A Dual-Carbide Heterostructure Interface-Driven Broad pH Range Hydrogen Fuel Production

Abstract

The development of efficient and cost-effective electrocatalysts for sustainable hydrogen production remains crucial for transitioning to a carbon-neutral energy economy. We present a dual-carbide heterostructure interface that demonstrates an exceptional hydrogen evolution reaction (HER) performance across a wide pH range. The catalyst achieves low overpotentials comparable to platinum benchmarks and maintains stability during extended operation in acidic, neutral, and alkaline electrolytes.

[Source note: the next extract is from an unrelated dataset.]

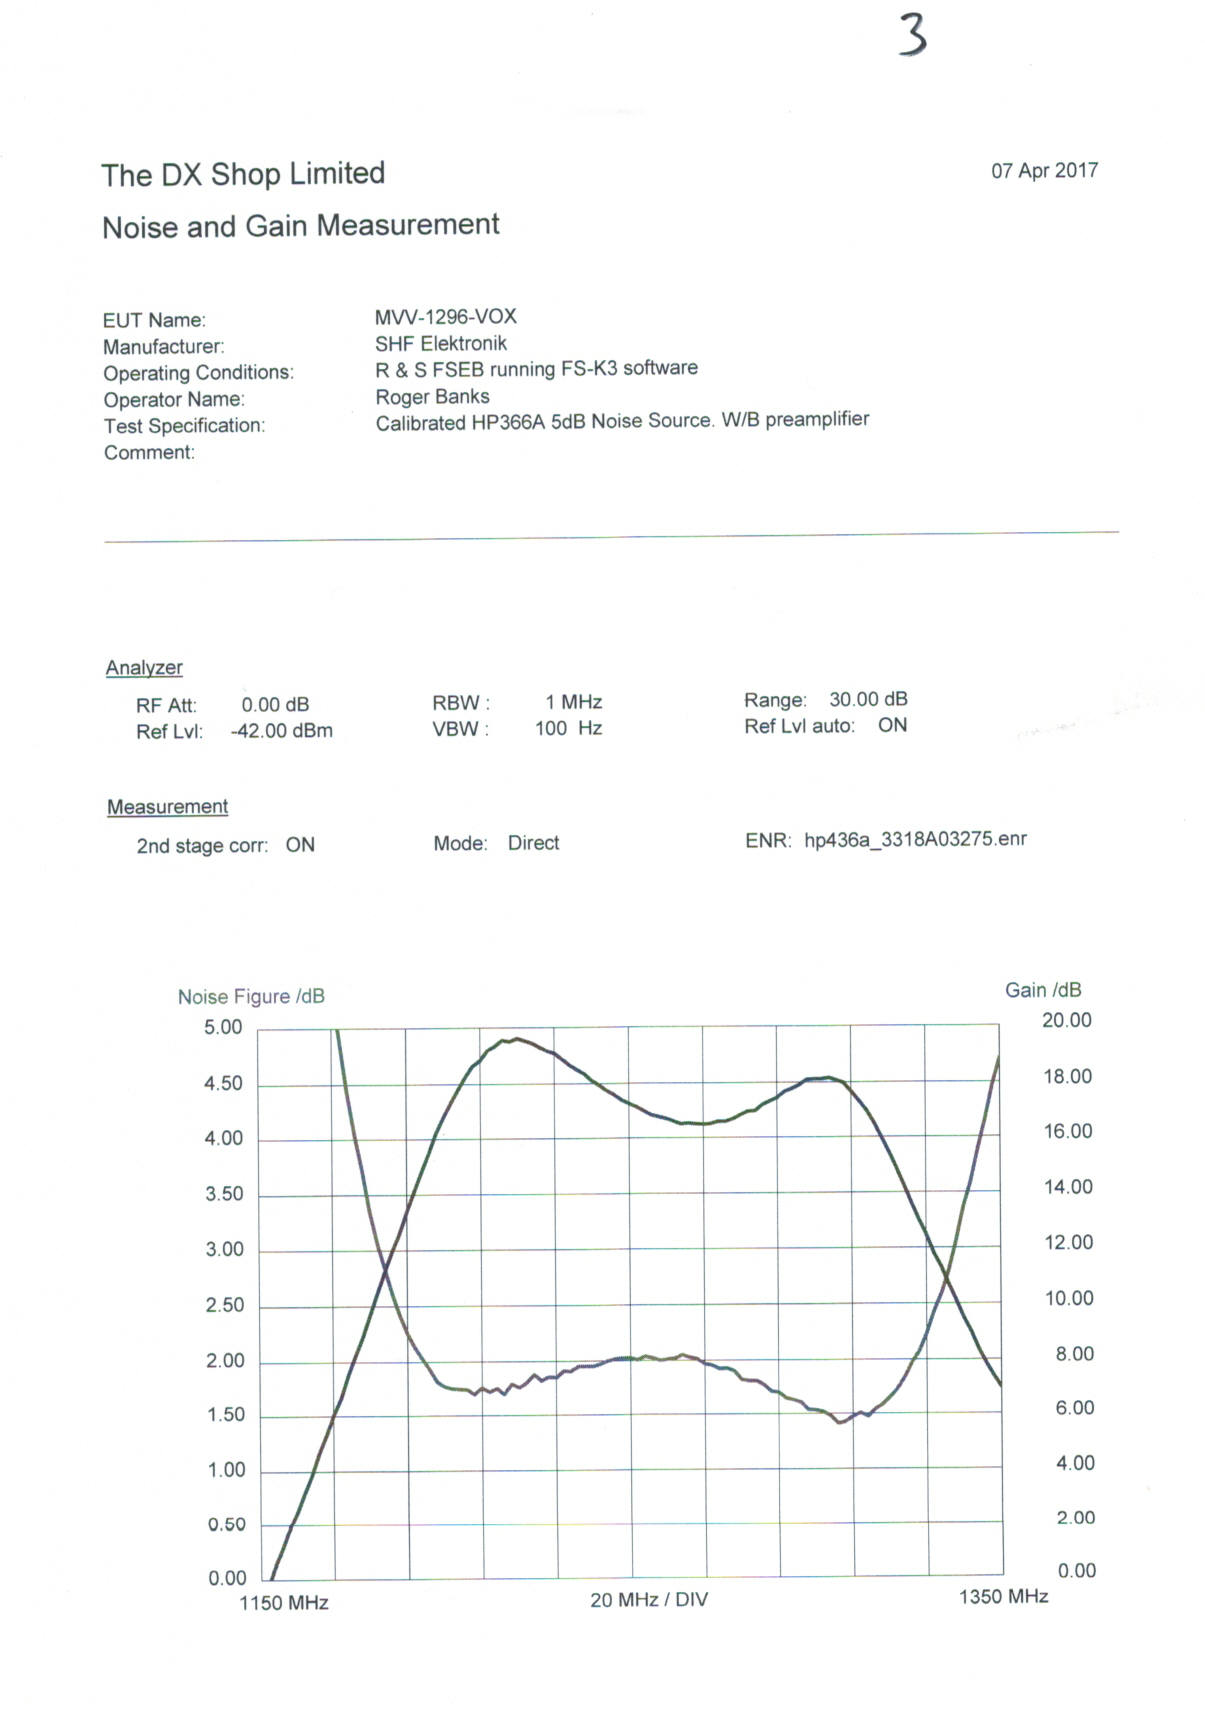 MVV-1296-VOX graph of noise vs gain

The pH-universal performance arises from the optimized hydrogen adsorption and desorption energetics at the heterointerface, which induces synergistic effects that improve the overall reaction kinetics of the HER. Density functional theory calculations reveal that the incorporation of dual carbide heterostructure alters the electronic landscape with a favorable ΔGH* of ∼0.34 eV, which is closer to the thermoneutral value compared to the individual carbides. When tested in a saline-water electrolyzer, the catalyst delivers long-term consistent performance for 200 h without observable degradation. This work advances nonprecious metal HER catalysis by demonstrating how interface engineering can achieve performance comparable to noble metals, while offering superior stability and cost-effectiveness.